Exercise details:
Please output exactly the lines below, starting at the line that has "Classic - Strawberry" and ending at the line that has "Graduate 2018 national awards ceremony", both included; leave out all pictures and include nothing else.

** Opening Provided data block **

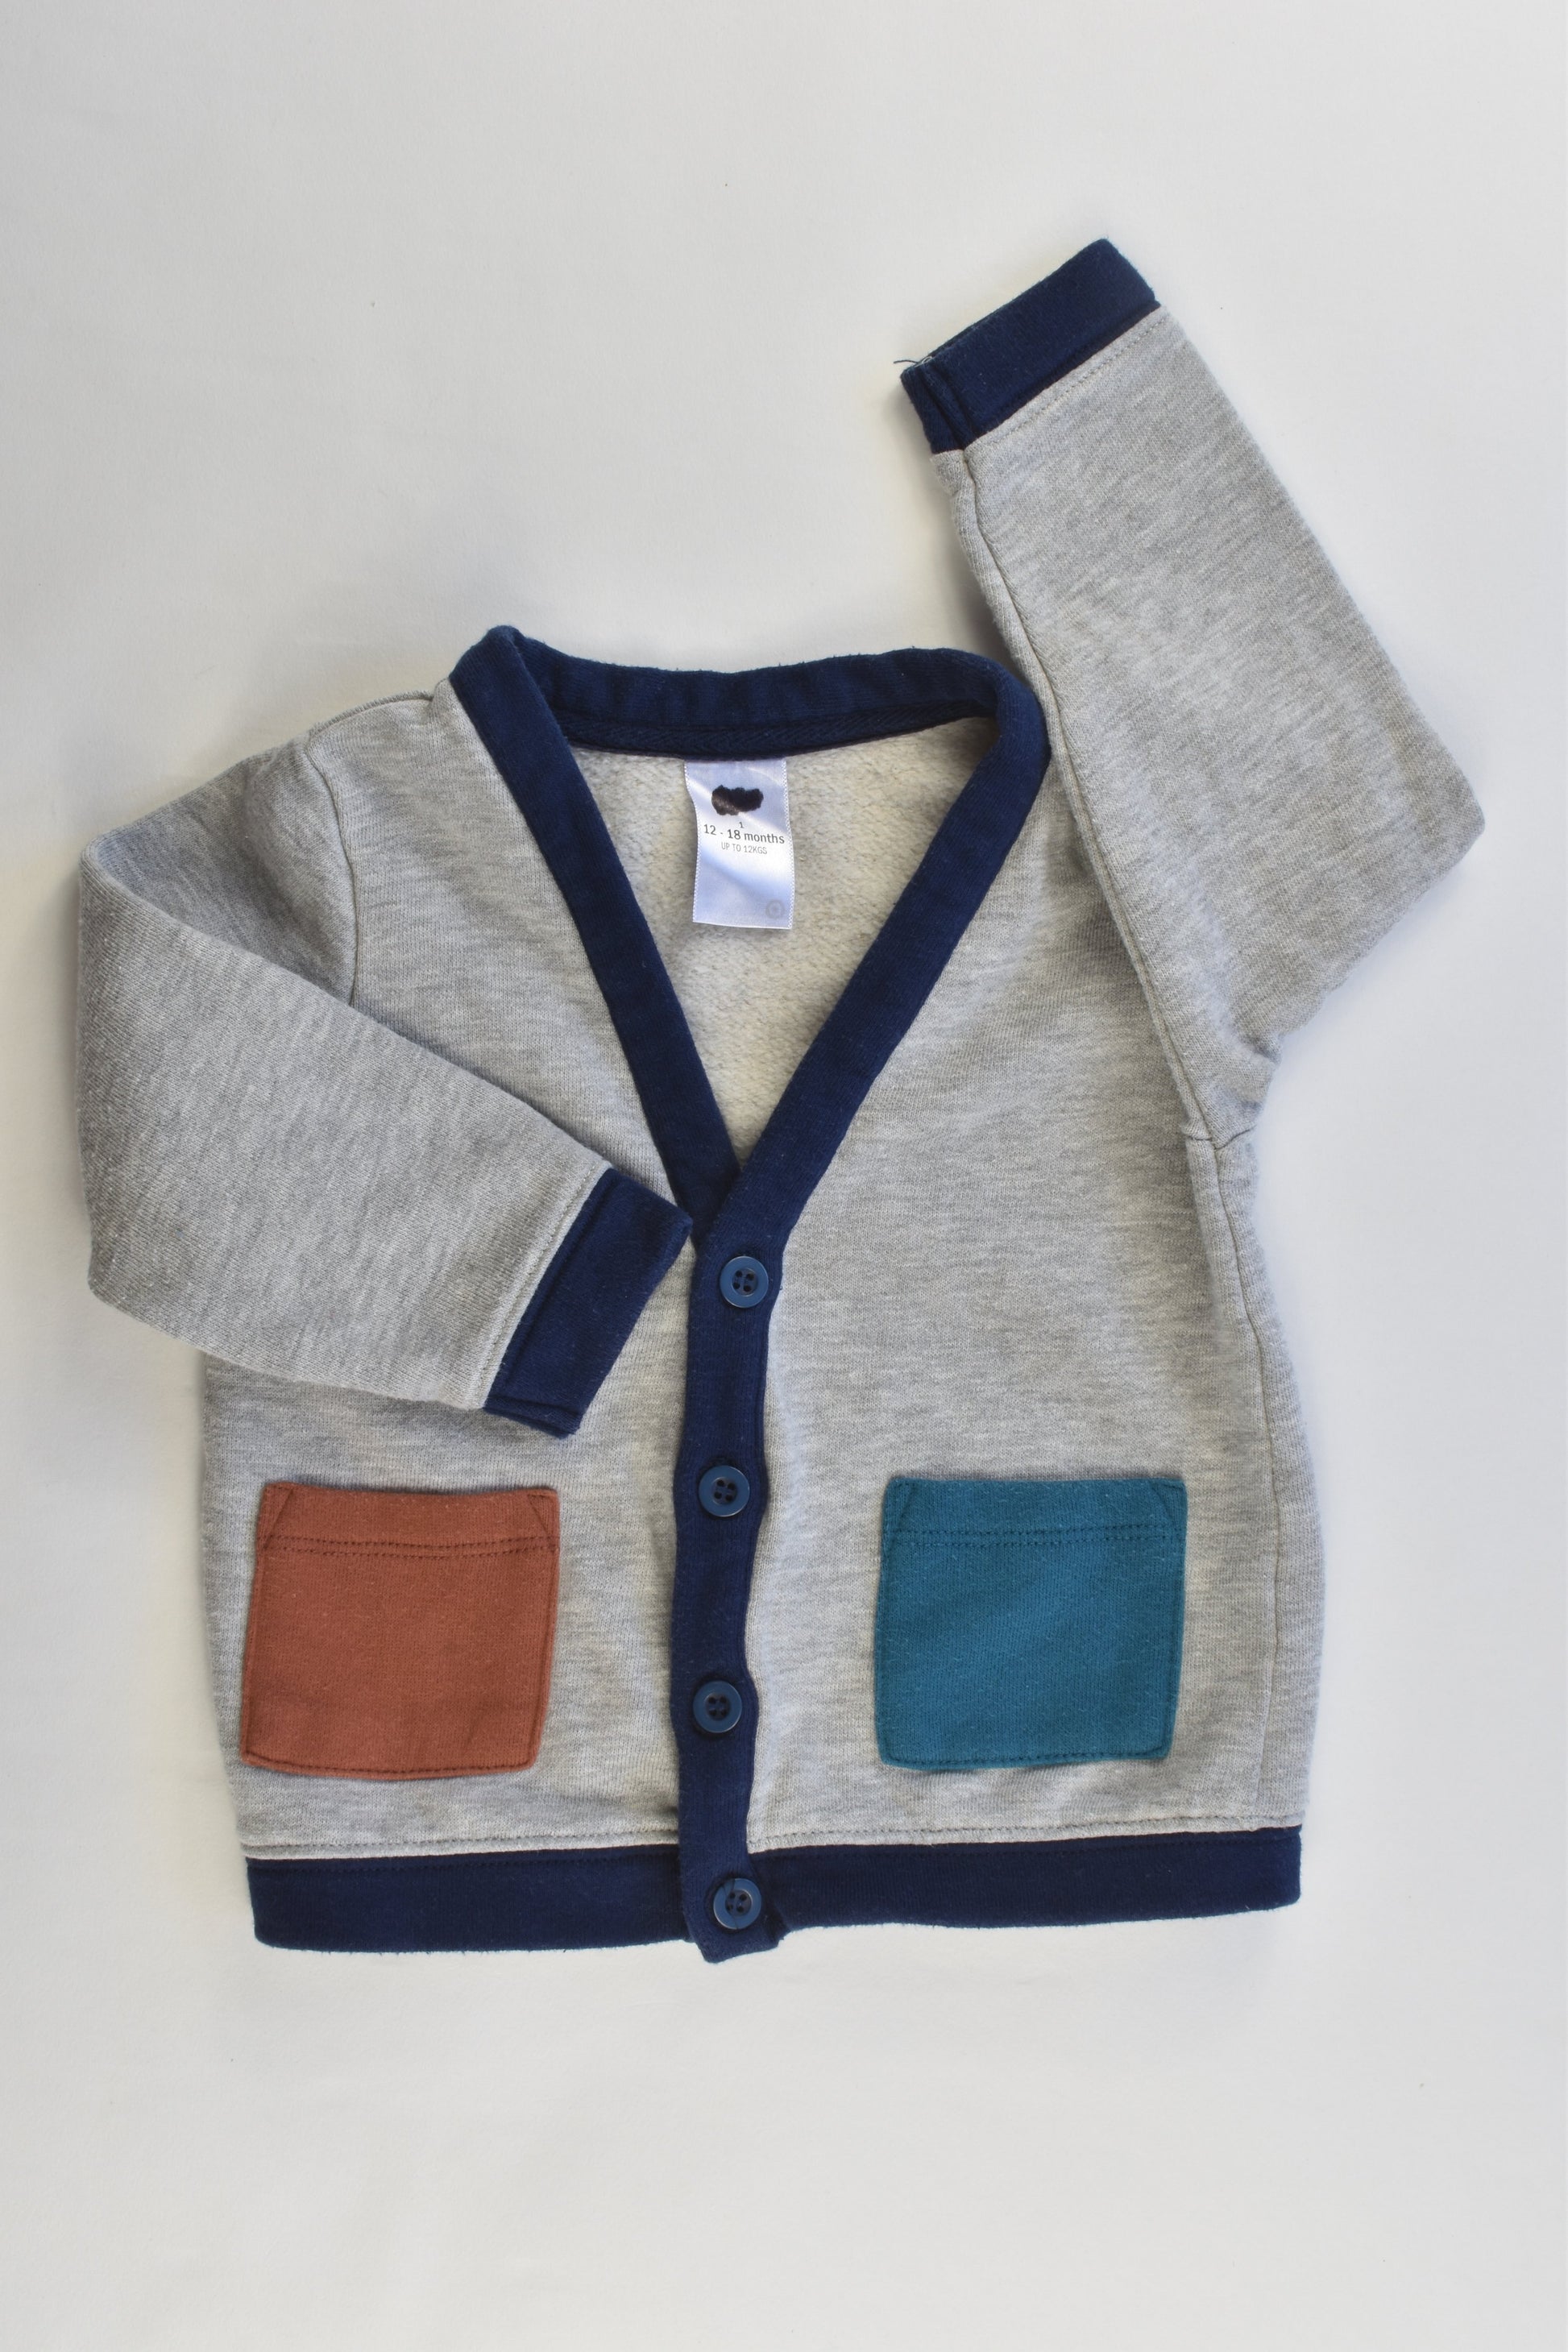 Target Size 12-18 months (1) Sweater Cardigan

** Closing Provided data block **
** Opening Provided data block **

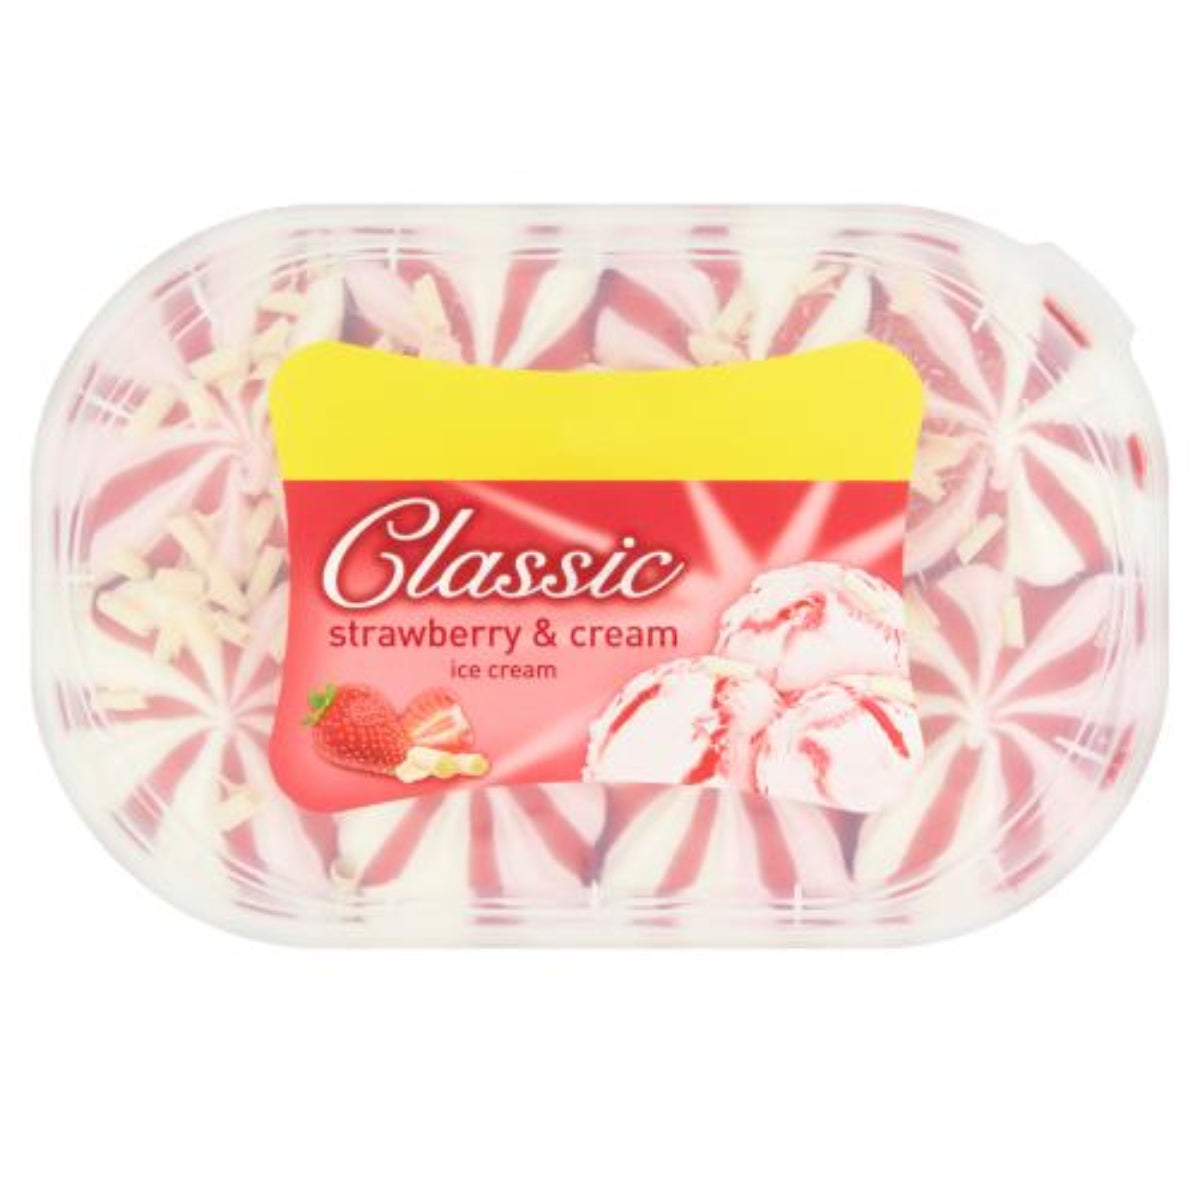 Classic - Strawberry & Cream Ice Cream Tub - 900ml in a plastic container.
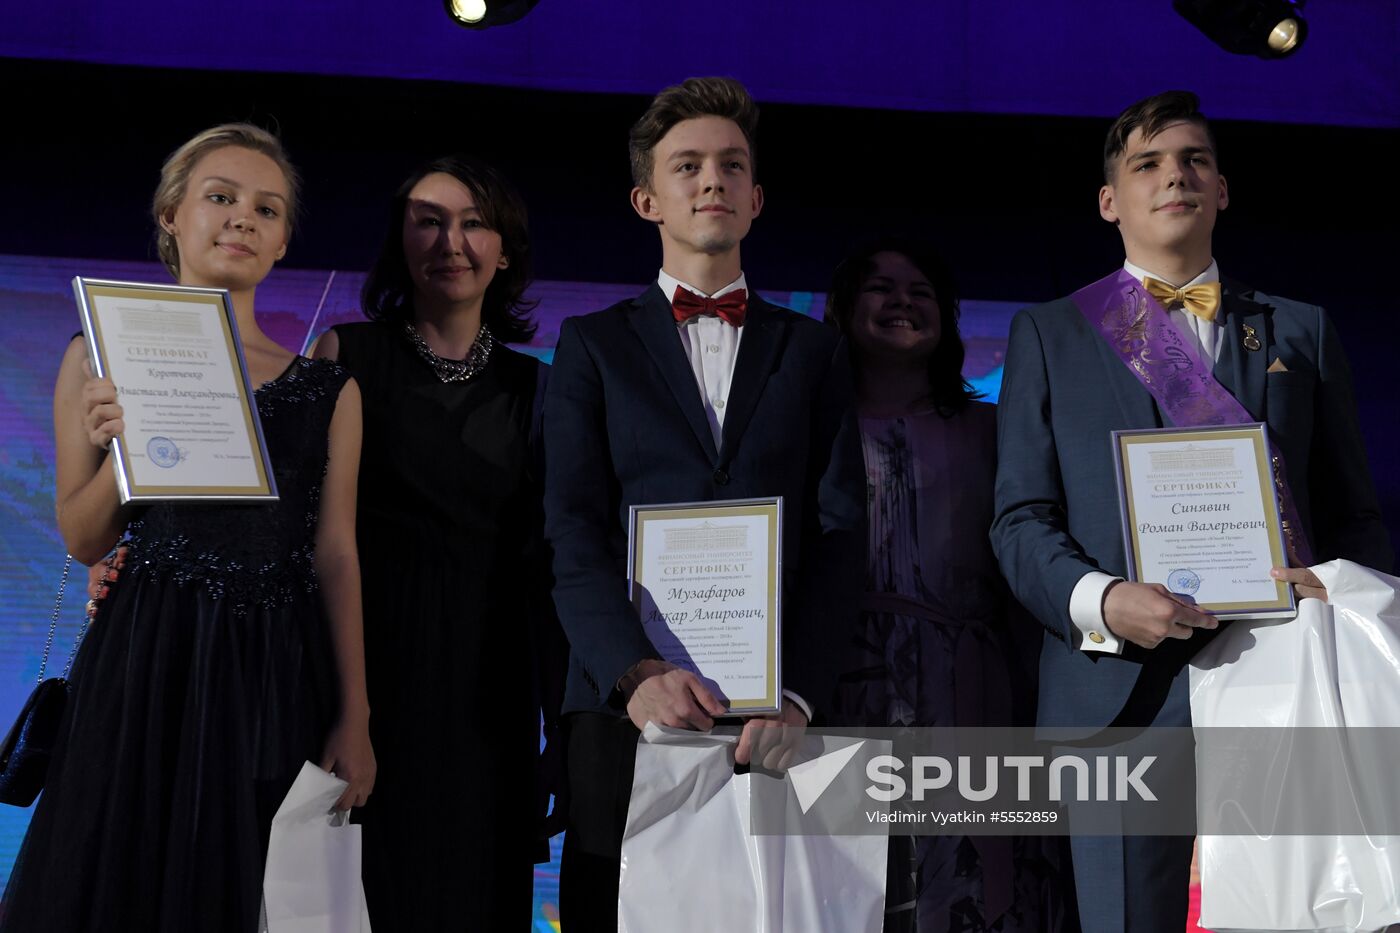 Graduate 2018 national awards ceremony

** Closing Provided data block **

Answer to this task:
 Classic - Strawberry & Cream Ice Cream Tub - 900ml in a plastic container.
 Graduate 2018 national awards ceremony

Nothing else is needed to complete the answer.